Радио у меня есть в квартире, т. ч. я в курсе событий. Не знаешь ли ты, что с С<ергеем> Д<митриевичем>? Шура тоже мобилизован[viii]. Если тебе звонит Вера Львовна, скажи ей, что Наташа писала ей несколько раз, она здорова. Телефон В.Л. Б-2-82-08. Лидочек, еще нет месяца, что началась война, а мне кажется, что прошло два года. Обнимаю и горячо целую тебя и Мару, Гогошу, Френков. (20 июля 1941).

                [...] Имеете перед собой бумагу, которая была положена в Женин рюкзак, а теперь у меня другой нет и приходится использовать запачканную.

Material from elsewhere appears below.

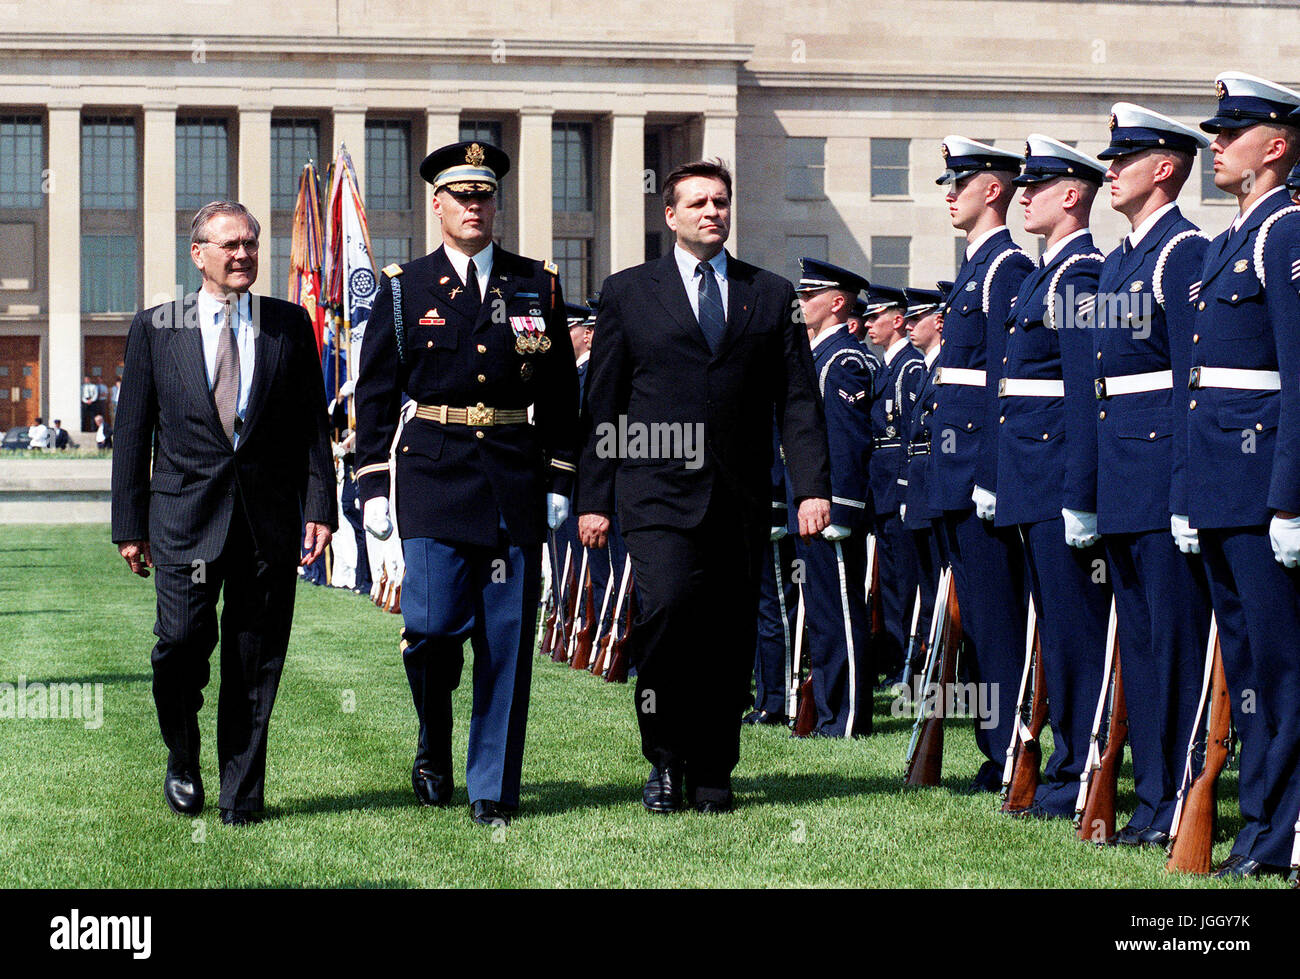 President Boris Trajkovski (right), of the Former Yugoslav Republic of Macedonia, is escorted by the Honorable Donald H. Rumsfeld (left), U.S. Secretary of Defense and U.S. Army  Col. Thomas M. Jordan (center), Commander of Troops, during an inspection of the ceremonial honor guard at the Pentagon on May 2, 2001. Stock Photo
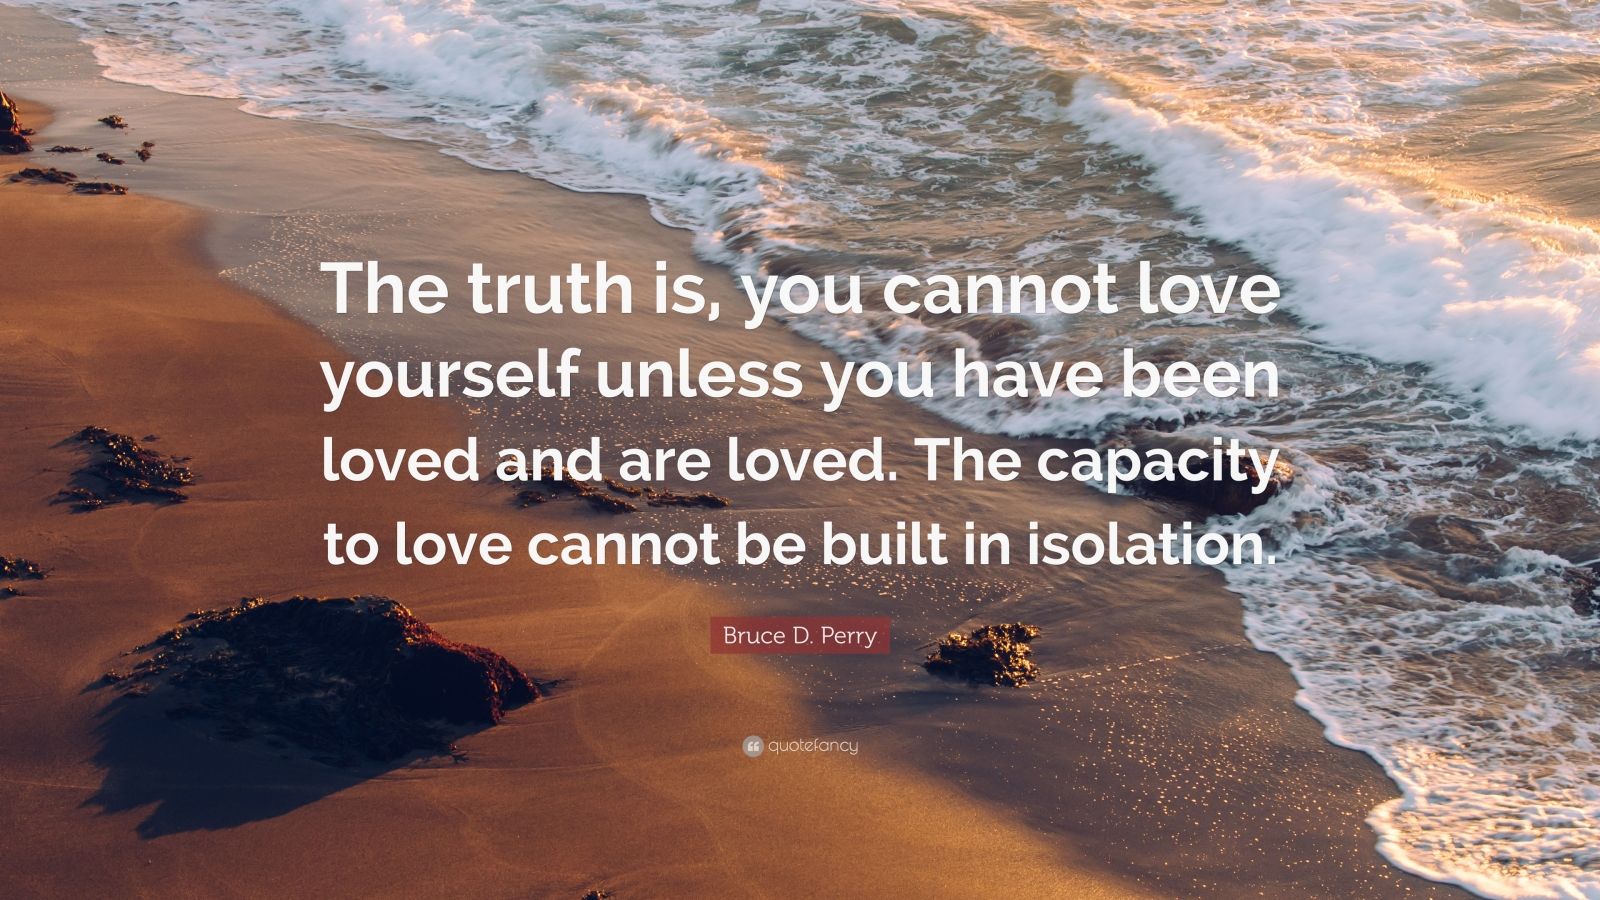 Bruce D. Perry Quote: “The truth is, you cannot love yourself unless ...

                Вчера писала Нине и на всякий случай повторяю содержание. Мы с Наташей пошли к Катюше пешком. Там место, пожалуй, лучше нашего в отношении природы. Кроме того, директор, по-видимому, толковый человек и приобрел четыре коровы. У него обеспечены молоком маленькие, а большие получают между обедом и ужином кружку молока с хлебом. У нас в этом отношении у старших пока еще не организовано. Катюша выглядит хорошо, настроение тоже не плохое. Сюда, правда, продолжают прибывать архфондовские мамаши, но они должны быть готовы на тяжелую работу по уходу за детьми и должны быть обязательно обеспечены крупными деньгами для своего существования и чтобы украсить жизнь своему ребенку (Катюше). Поэтому мне и кажется, что Ниночке не стоит приезжать сюда. У Катюши все вещи целы, у наших ребят тоже. Видела там Ирину Жукову и Алешу Минца. Мы с Наташей отдохнули на травке 2 часа и отправились пехом назад. Сережа и Женя здесь акклиматизировались, а Наташа и Алеша меня замучили, просятся ко мне жить.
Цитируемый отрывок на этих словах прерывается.